Dependency Analysis & Job Generation
=====================================

.. meta::
   :description: Automatic pipeline dependency detection and orchestration job generation for multi-pipeline Databricks workflows.

The Dependency Analysis feature automatically analyzes your pipeline structure to understand 
data flow dependencies, execution order, and external data sources.

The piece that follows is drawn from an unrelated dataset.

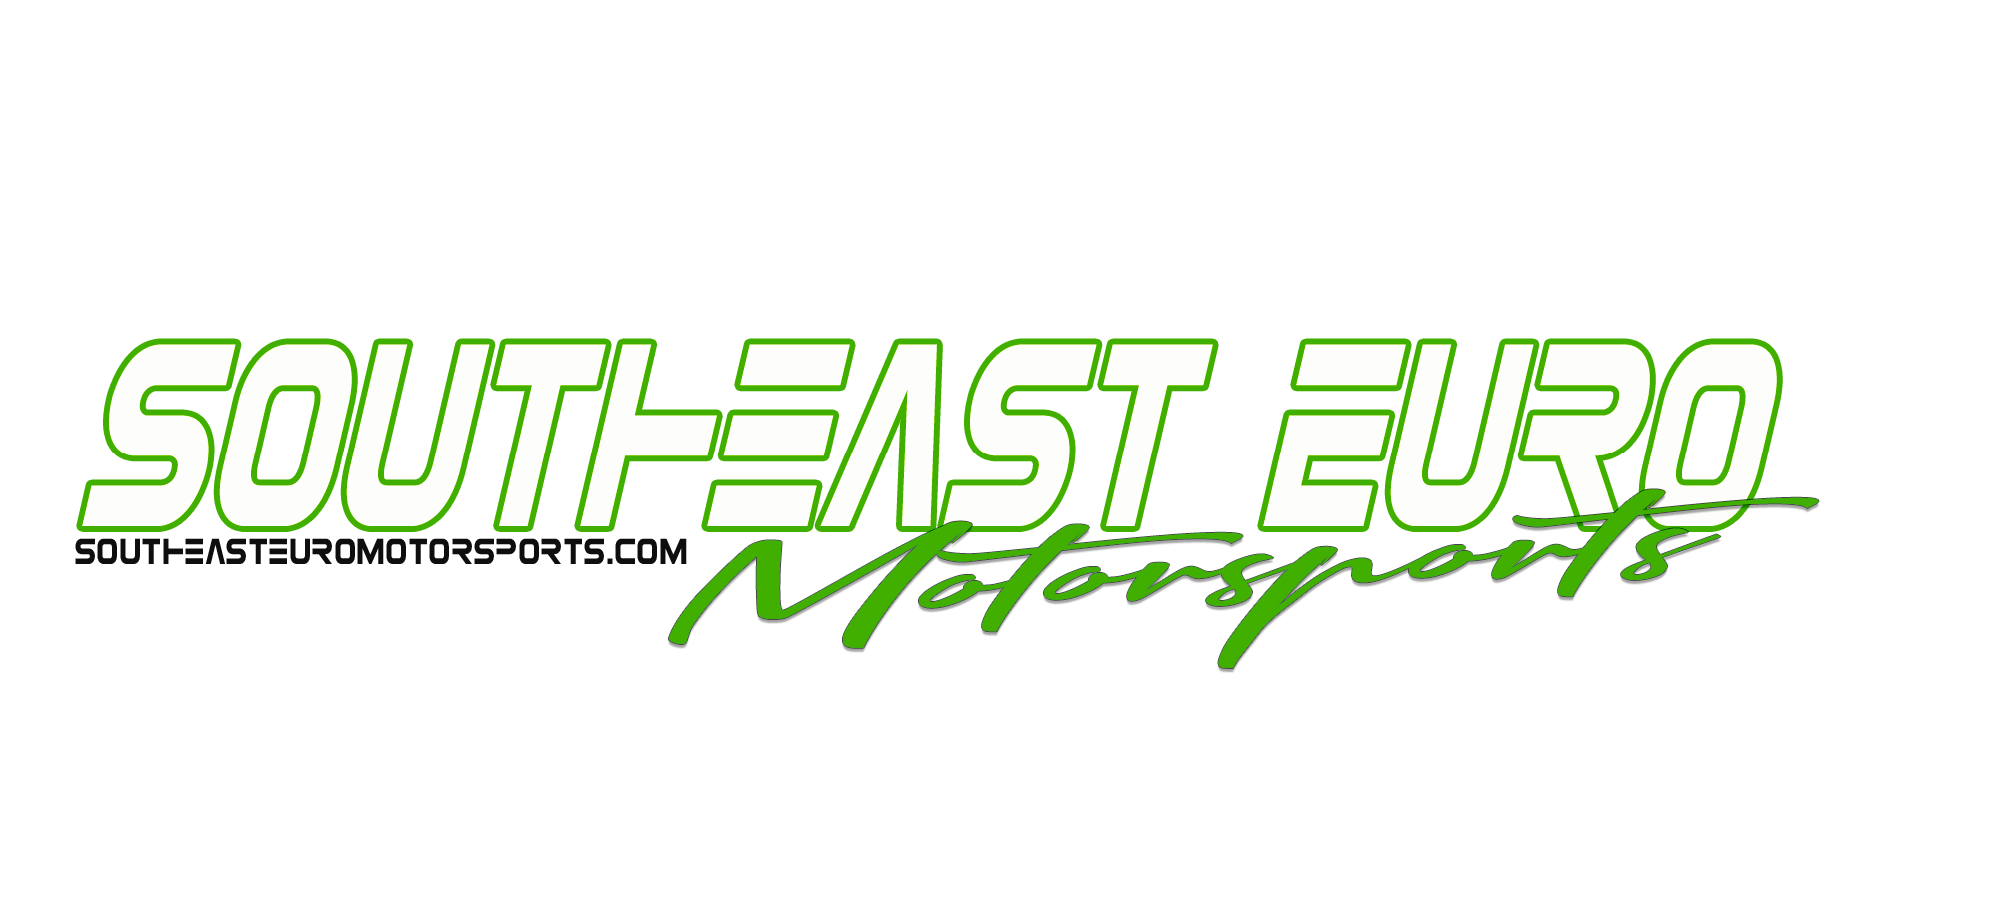 South East Euro Motorsports

This enables intelligent 
orchestration job generation for Databricks.


Overview
--------

Lakehouse Plumber analyzes your FlowGroup YAML files to build a comprehensive dependency graph that shows:

- **Pipeline Dependencies**: Which pipelines depend on others
- **Execution Stages**: The optimal order for running pipelines
- **External Sources**: Data dependencies outside your LHP project
- **Parallel Opportunities**: Pipelines that can run simultaneously

This analysis powers orchestration job generation, enabling you to create Databricks jobs 
with proper task dependencies automatically.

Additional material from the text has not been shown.